University of Michigan

Newly identified molecular signatures may allow us to predict which patients with chronic myelomonocytic leukemia (CMML) will respond to treatment, according to a study published in The Journal of Clinical Investigation.

Finding effective biomarkers is particularly crucial for CMML, the investigators said, because current treatment is slow-acting. Patients must often undergo as much as 6 months of treatment before there are signs of response.

“The slow kinetics is what gets us,” said study author Maria E. Figueroa, MD, of the University of Michigan Medical School in Ann Arbor.
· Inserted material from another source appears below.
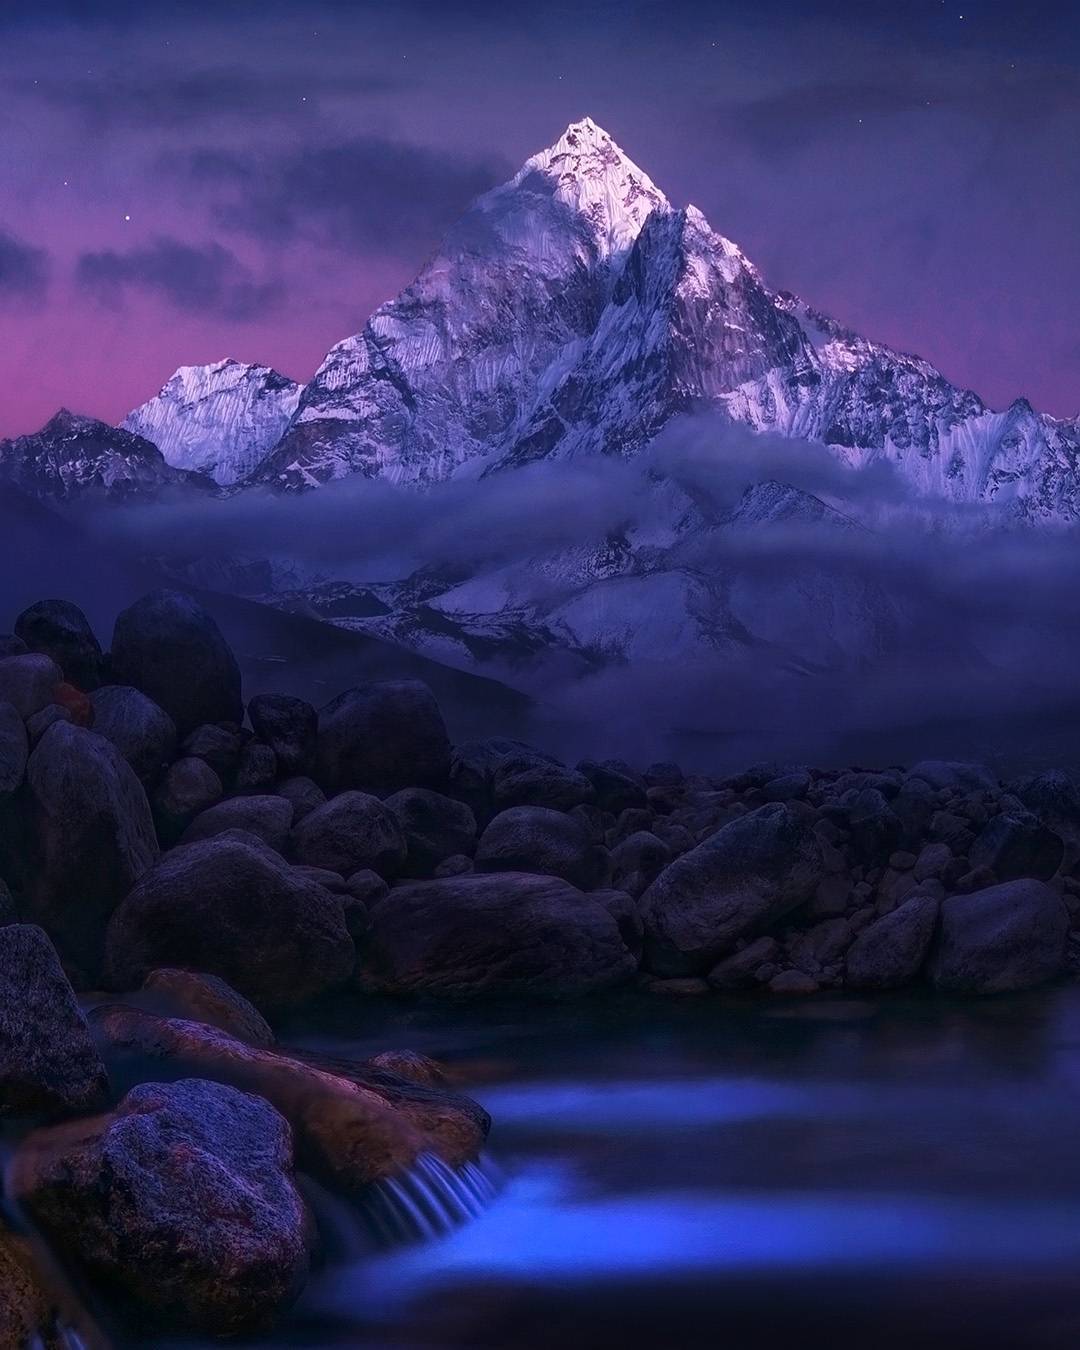  喜马拉雅山脉的山峰，来自摄影师Max Rive。

“It’s not just one week or one dose to see signs of response. A good biomarker test could potentially prevent patients who are unlikely to respond from receiving prolonged, unwarranted treatments.”

With this in mind, Dr Figueroa and her colleagues used next-generation sequencing techniques to analyze 40 CMML samples from patients treated with the DNA methyltransferase inhibitor decitabine.

The researchers found 167 differentially methylated regions of DNA at baseline that distinguished patients who responded to decitabine from those who did not. There was a methylation difference of 25% or more between responders and nonresponders.

The investigators speculated that the baseline differences in DNA methylation could be used to predict treatment response at diagnosis.

So they used the percentage of cytosine methylation at each genomic location among the 40 patients as potential predictors and applied a machine-learning approach to build an epigenetic classifier.

The investigators tested the classifier in 28 additional CMML samples and found it was 87% accurate in predicting a patient’s response to decitabine.

The researchers also investigated why nonresponders were resistant to decitabine and found that 2 proteins, CXCL4 and CXCL7, were overexpressed in nonresponders. In cells exposed to high levels of these chemokines, the effects of decitabine were blocked.

“We are pursuing this to understand why these proteins block the effect of the drug and whether we can develop a new compound that could be used along with decitabine to turn nonresponders into responders,” Dr Figueroa said.

The researchers are also working to refine and translate their findings into a viable biomarker test that could be used in the clinic.